God, I love Emerald. So much. And I never want to do anything to hurt her or compromise my marriage. I still love Cordelia. Of course I do. I don't think I could ever stop loving her. But there comes a point where that love just fades into something less than it was before and there's nothing you can do to stop it. It wasn't Cordelia's fault. But it's not my fault either. And I shouldn't be subject to remaining the same person my entire life. I'm not the same man I was when Cordelia and I met. And I think things with Cordelia had begun going downhill long before Emerald's birth, but we were both too blind to see it. Perhaps the postpartum was an opportunity for my eyes to open. To finally see what has been right in front of me for a while now: the truth. And the truth is, it's just not working.

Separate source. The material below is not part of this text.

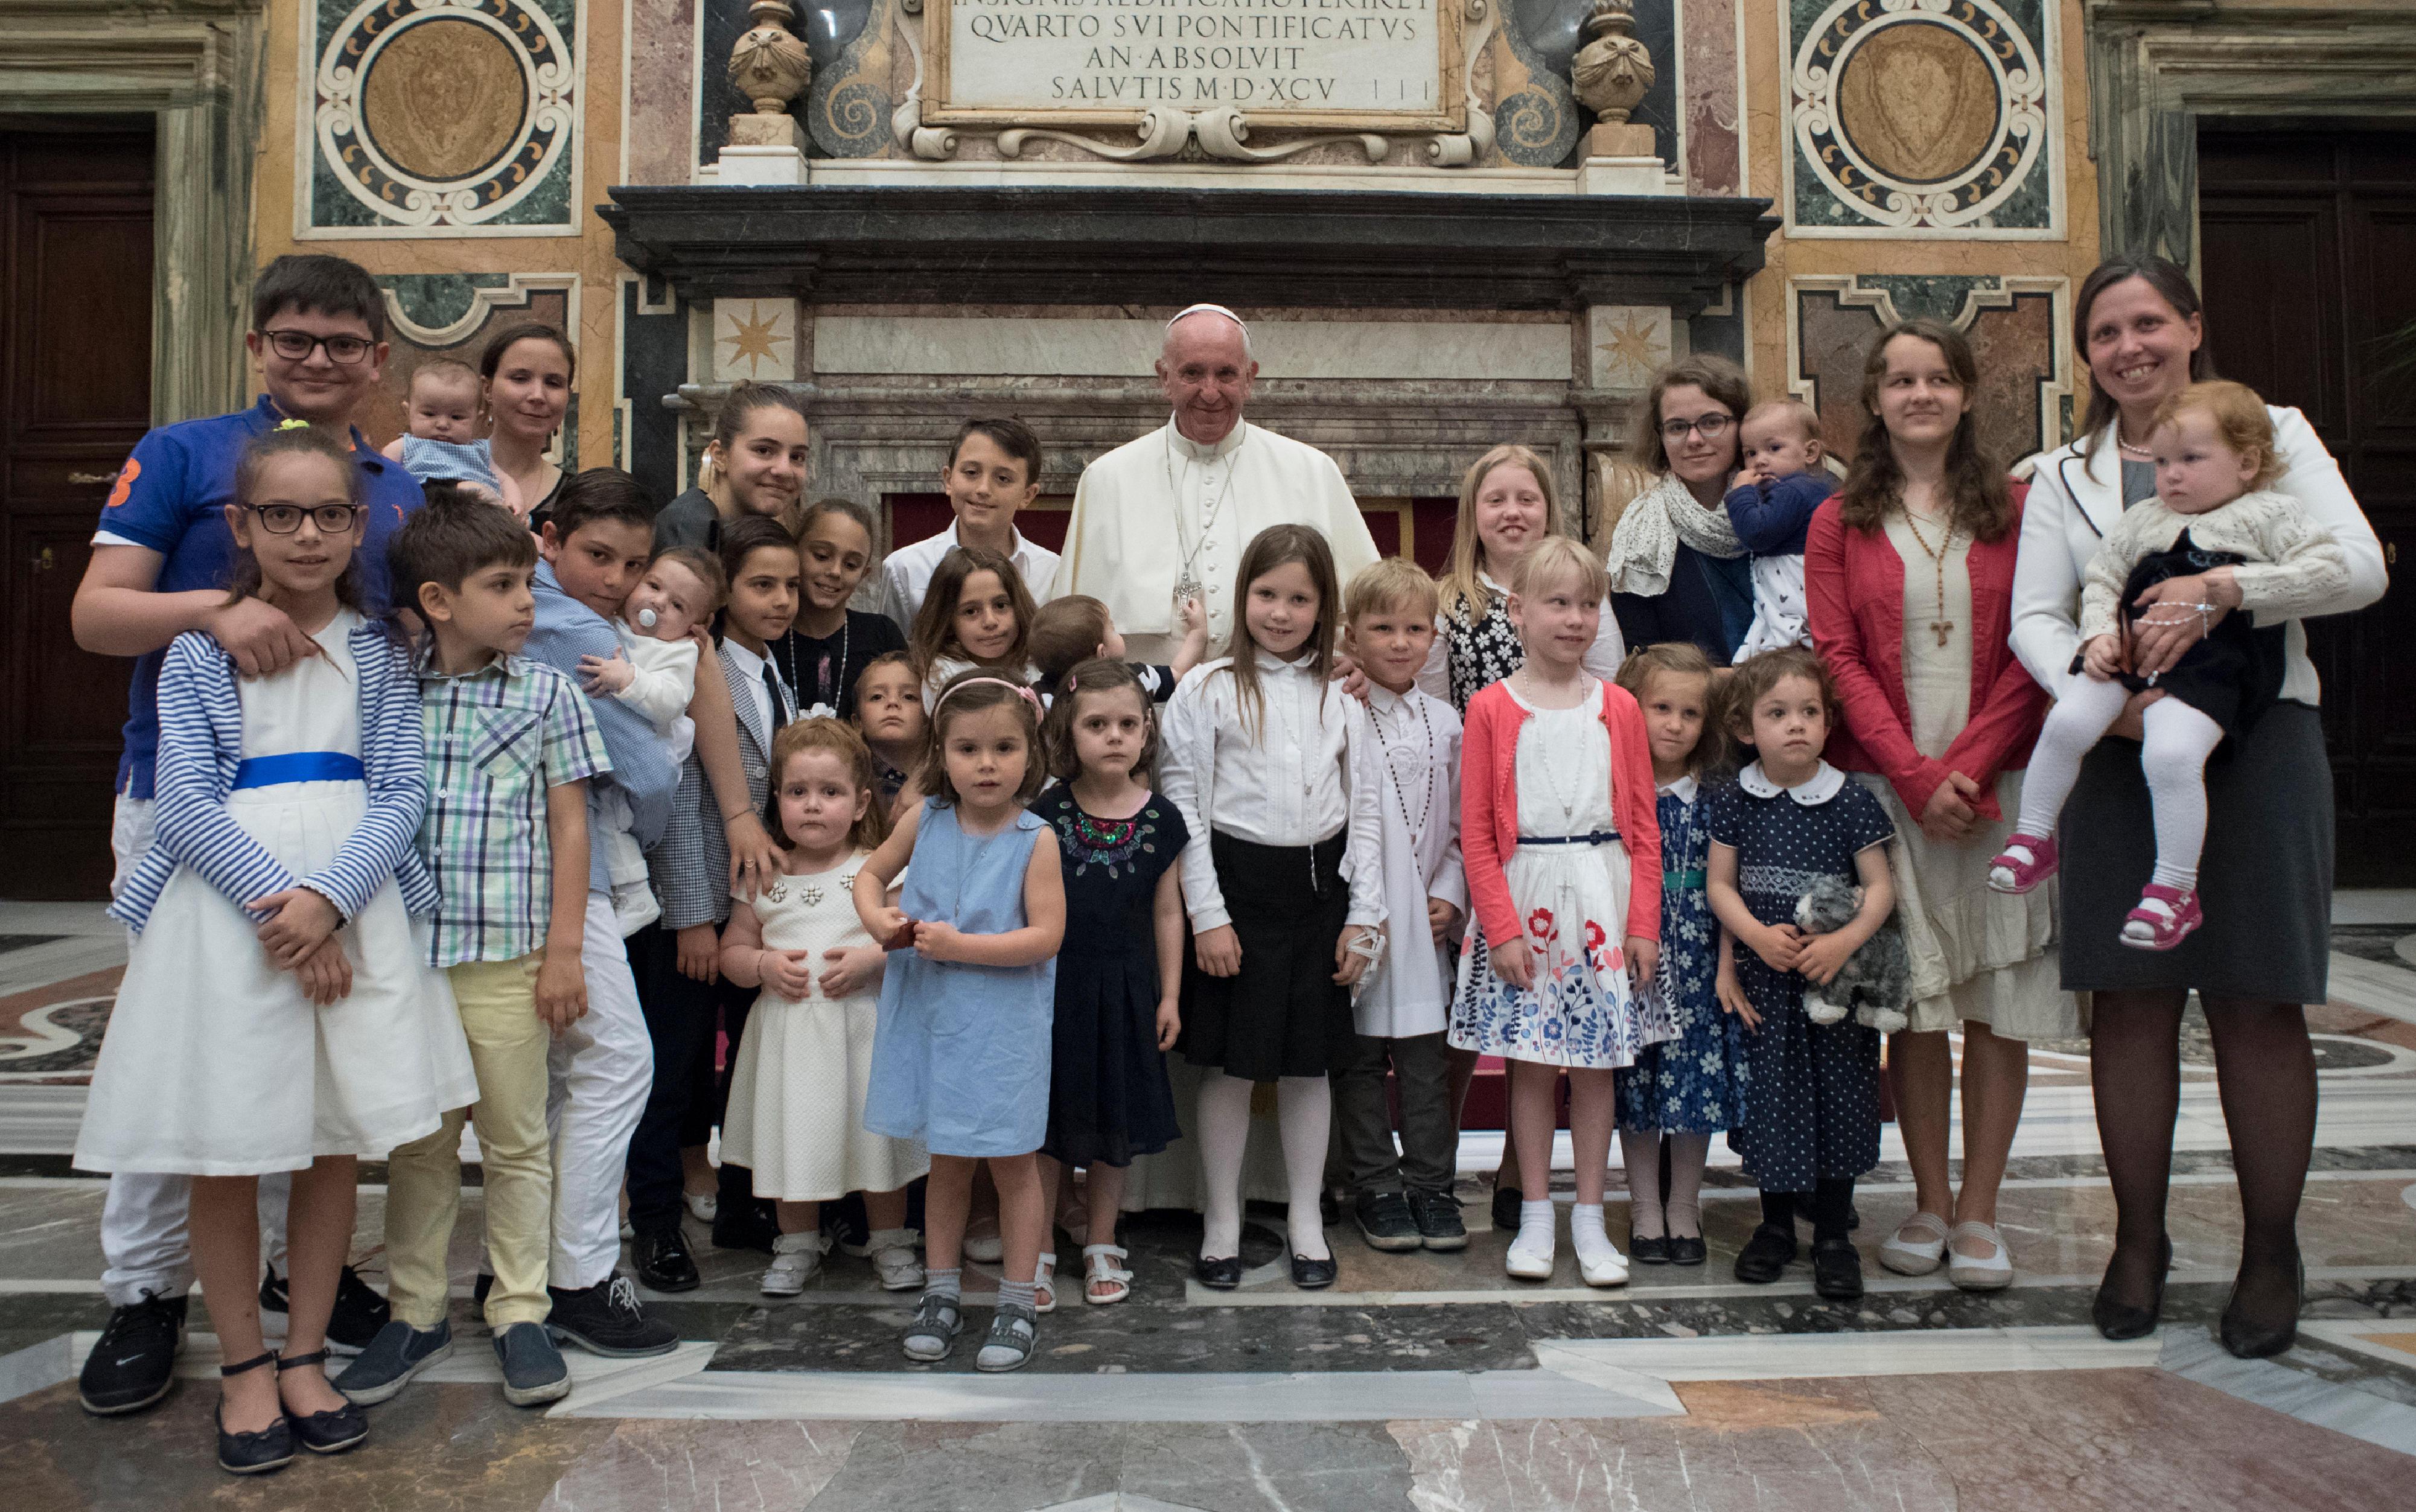 Fédération des Associations Familiales Catholiques en Europe © L'Osservatore Romano

I can't leave her. I know that for a fact. Especially after everything she's gone through. She would never forgive me. She'd divorce me, file for full custody of Emerald. And I know how a jury would look at a cheating husband, especially when the wife just went through the most difficult time of her life.

That's why she can never find out. I won't leave her. I swear I will stay with her for the rest of our lives. Or, at least until Emerald is eighteen and can make decisions for herself.

Eighteen years. I can do that. It won't be difficult. I can stay with Cordelia. I do love her. But I need something more. Something new, dangerous, exciting. I think the thrill and risk of being with Rosella is what I crave the most. It's exhilarating. As though I could get caught at any moment. Like when you reach the top of a roller coaster and just before it drops, your seat tilts slowly over the edge, and you can see the entire world in front of you. Then all at once, you fall, fast, and you get that rush that fills your entire body.

Do I think it will last? I don't know. I honestly don't. It could just be a temporary thing. A perfect little escape to have fun for a while. I'm not counting on her sticking around forever. She may get tired of me sooner than later. And I think I'm okay with that. I think we are perfect together now, but things may change and that's okay. Because Rosella was exactly what I needed to find. Not only to escape my current life, but to rediscover myself and understand who I am, what I truly need. I needed Rosella to discover those things. So if it doesn't last, at least I got something else out of it.